Method for improved efficiency for IGCC

Abstract

A system and a method for improving the thermal efficiency for power production from coal is provided. The system utilizes a gasifier reactor for the conversion of coal to a hot high-pressure fuel gas wherein the fuel gas contains carbon monoxide and hydrogen. The system includes a flow chamber to mix the fuel gas with an oxygen-containing gas to produce a combusted fuel rich product gas that is then passed to a turbine engine connected to the flow chamber. The turbine engine defines a turbine exhaust duct to feed exhaust gas to a reheat combustor and a heat recovery boiler connected to the reheat combustor provides steam to a steam turbine system.

Description

CROSS-REFERENCE

This application claims the benefit of U.S. Provisional Application No. 61/137,642 filed Aug. 1, 2008.

FIELD OF THE INVENTION

The present invention relates to a method and an apparatus for improving the thermal efficiency of integrated coal gasification combined cycle (IGCC) gas turbine systems. In particular, the present invention comprises a method for maximizing system efficiency and enabling low cost recovery of carbon dioxide.

BACKGROUND OF THE INVENTION

Brief Description of the Related Art

With energy usage directly related to economic growth, there has been a steady increase in the need for increased energy supplies.
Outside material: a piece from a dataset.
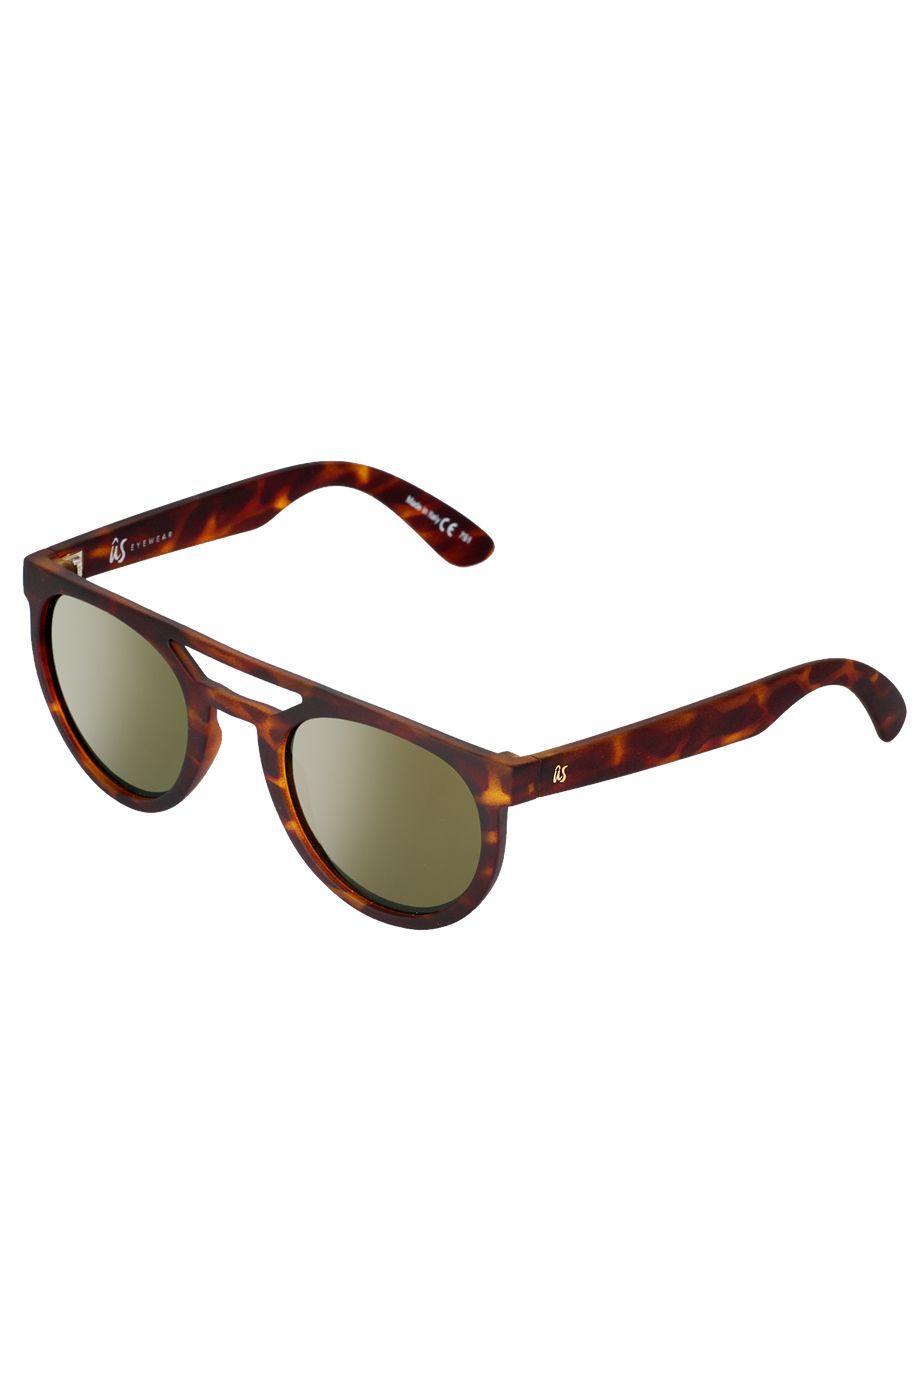 Oculos US NEOS Matte Tort/Grey Gold Chrome

In the U.S., coal is abundant and low in cost. Unfortunately, conventional coal-fired steam plants, which are a major source of electrical power, are inefficient and pollute the air. Thus, there is a pressing need for cleaner, more efficient coal-fired power plants.
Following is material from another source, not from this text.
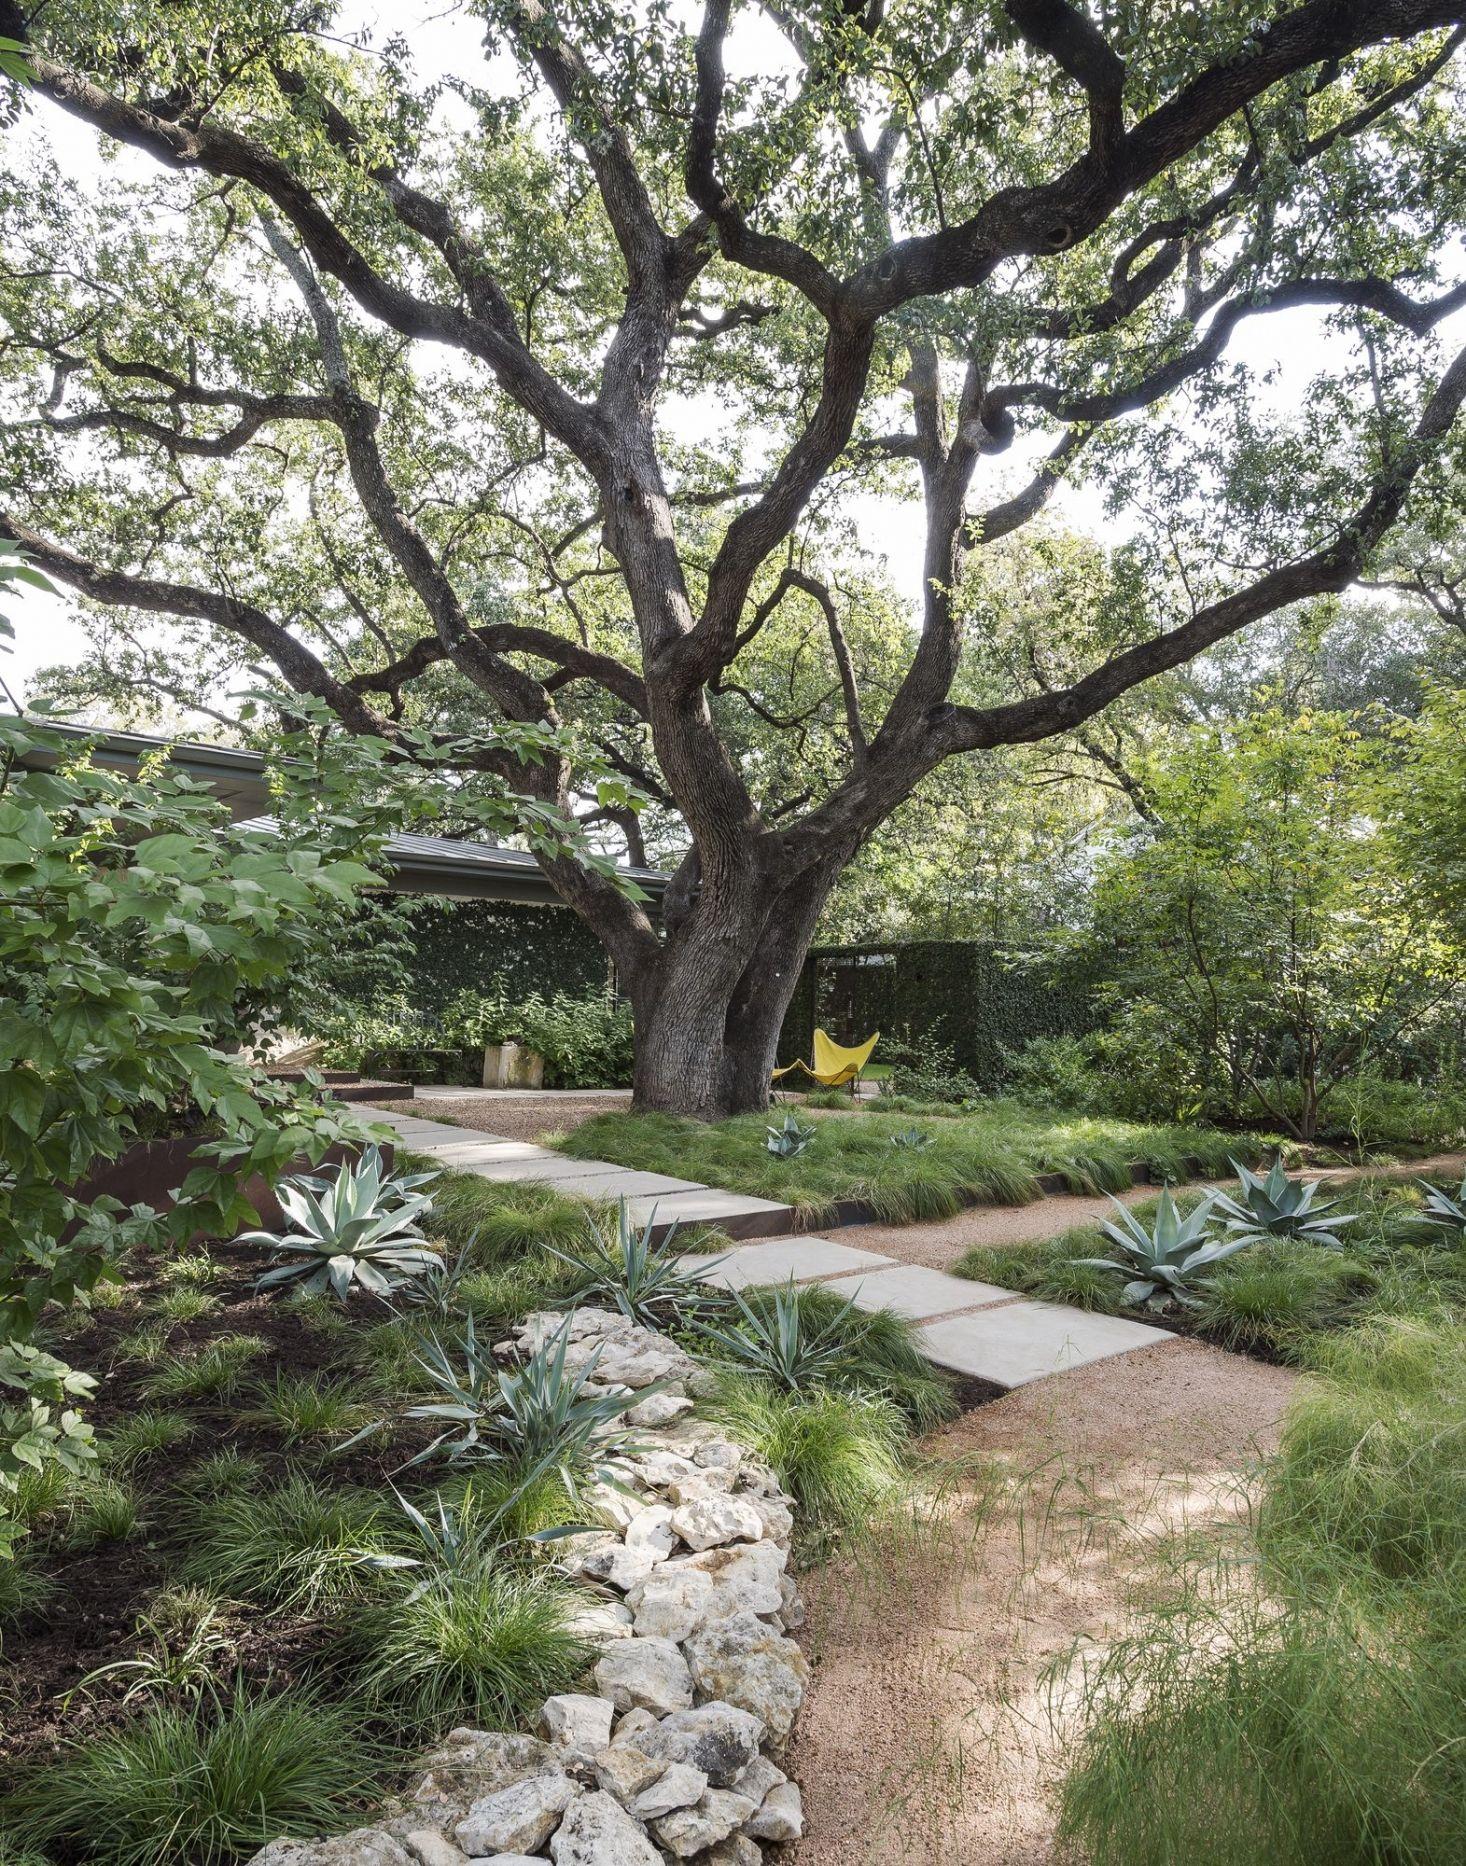 35 Smart And Stylish Garden Screening Ideas To To Transform Your Garden Small Backyard Landscaping Backyard Landscaping Designs Backyard Garden Design

In response, systems have been developed which can achieve significantly improved efficiencies in comparison to conventional steam plants. In such a system, syngas (a mixture of hydrogen and carbon monoxide) is produced by partial oxidation of coal or other carbonaceous fuel in the presence of steam. This allows capture of mercury and sulfur as well as other impurities before combustion. Note that mercury is readily removed, typically with an adsorber bed. Although this avoids the stack gas mercury emissions of a conventional steam plant, the spent adsorber represents a hazard waste for disposal.
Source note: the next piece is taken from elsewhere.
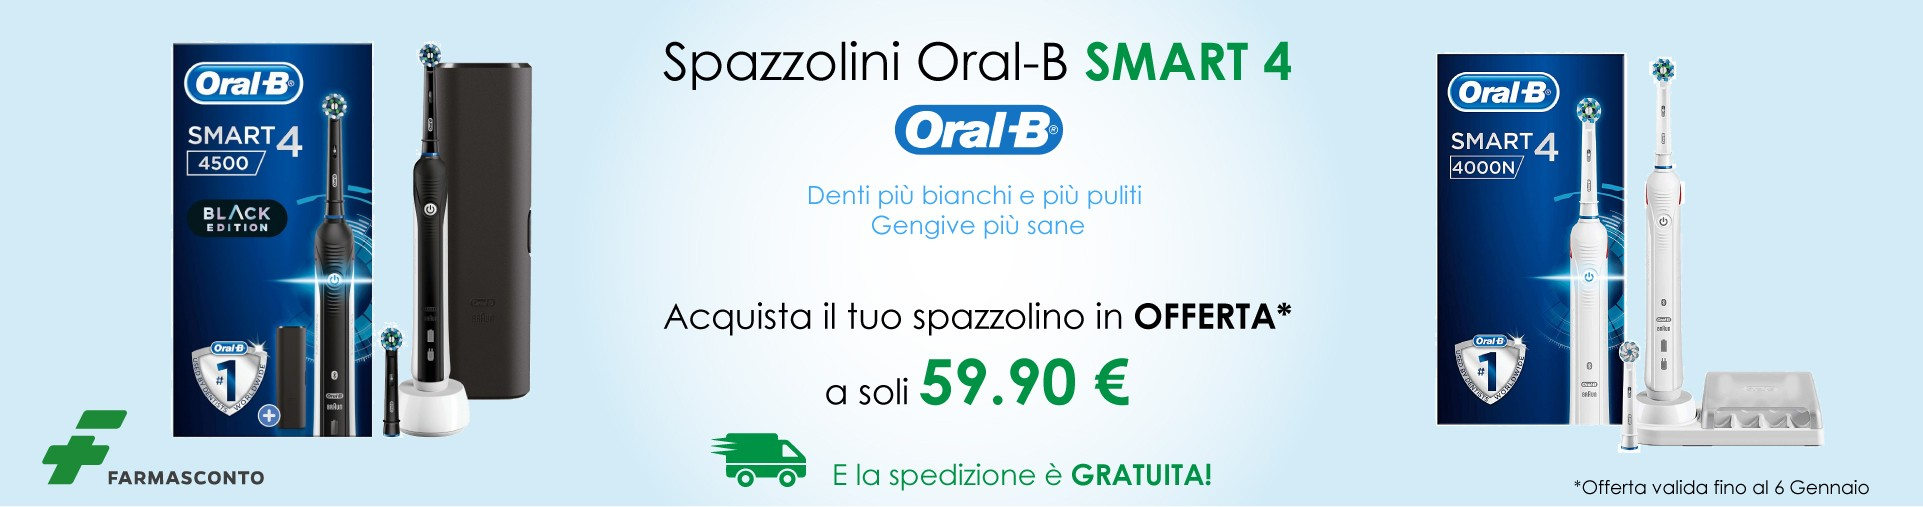 Spazzolini Oral-B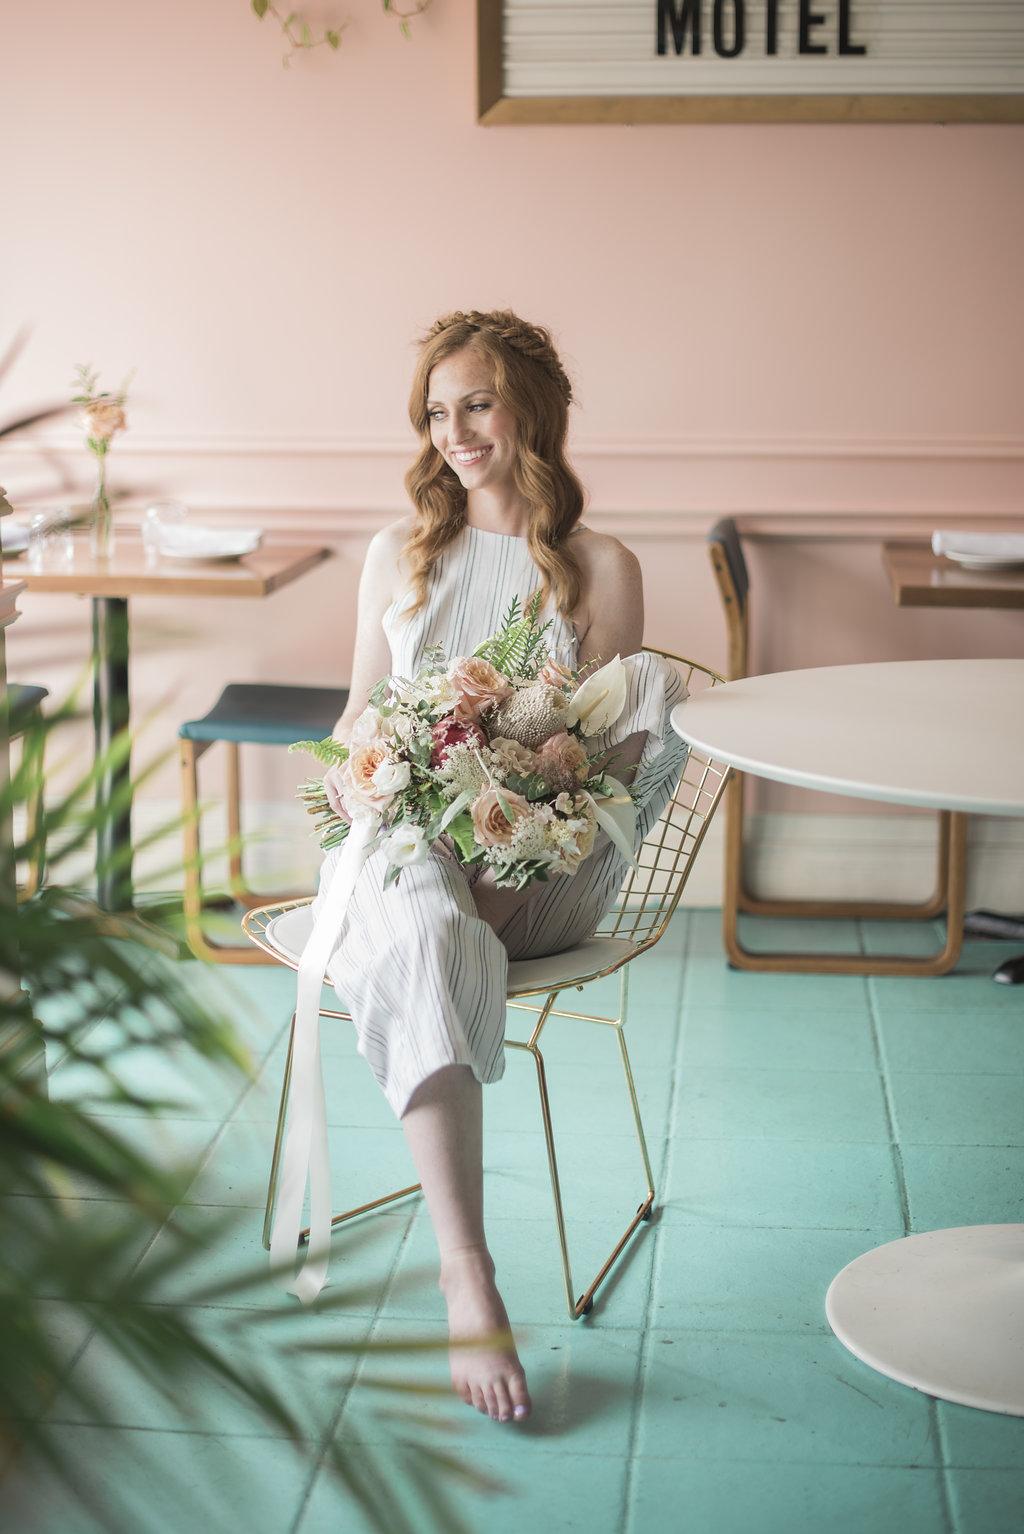 Motel-Restaurant-Editorial-Vineyard-Bride-photo-by-Blynda-DaCosta-Photography-029.JPG

If carbon sequestration is desired, the carbon monoxide can be reacted with steam using the water-gas-shift reaction to form carbon dioxide and hydrogen. Note, however, that that the net heating value of the produced hydrogen (275 BTU per cu ft) represents a fifteen percent loss compared to the 322 BTU per cu ft net heating value of the carbon monoxide used. Carbon dioxide may then be recovered using conventional technologies known in the art This allows pre-combustion recovery of carbon dioxide for sequestration.

Regardless of whether carbon dioxide is recovered or whether air or oxygen are used for syngas production, much of the hydrogen content of the gas is typically derived from water fed to the system such that a significant portion of the coal carbon is converted to carbon dioxide and hydrogen. The result is a syngas having a reduced net or Lower Heating value (LH) as compared to the original coal.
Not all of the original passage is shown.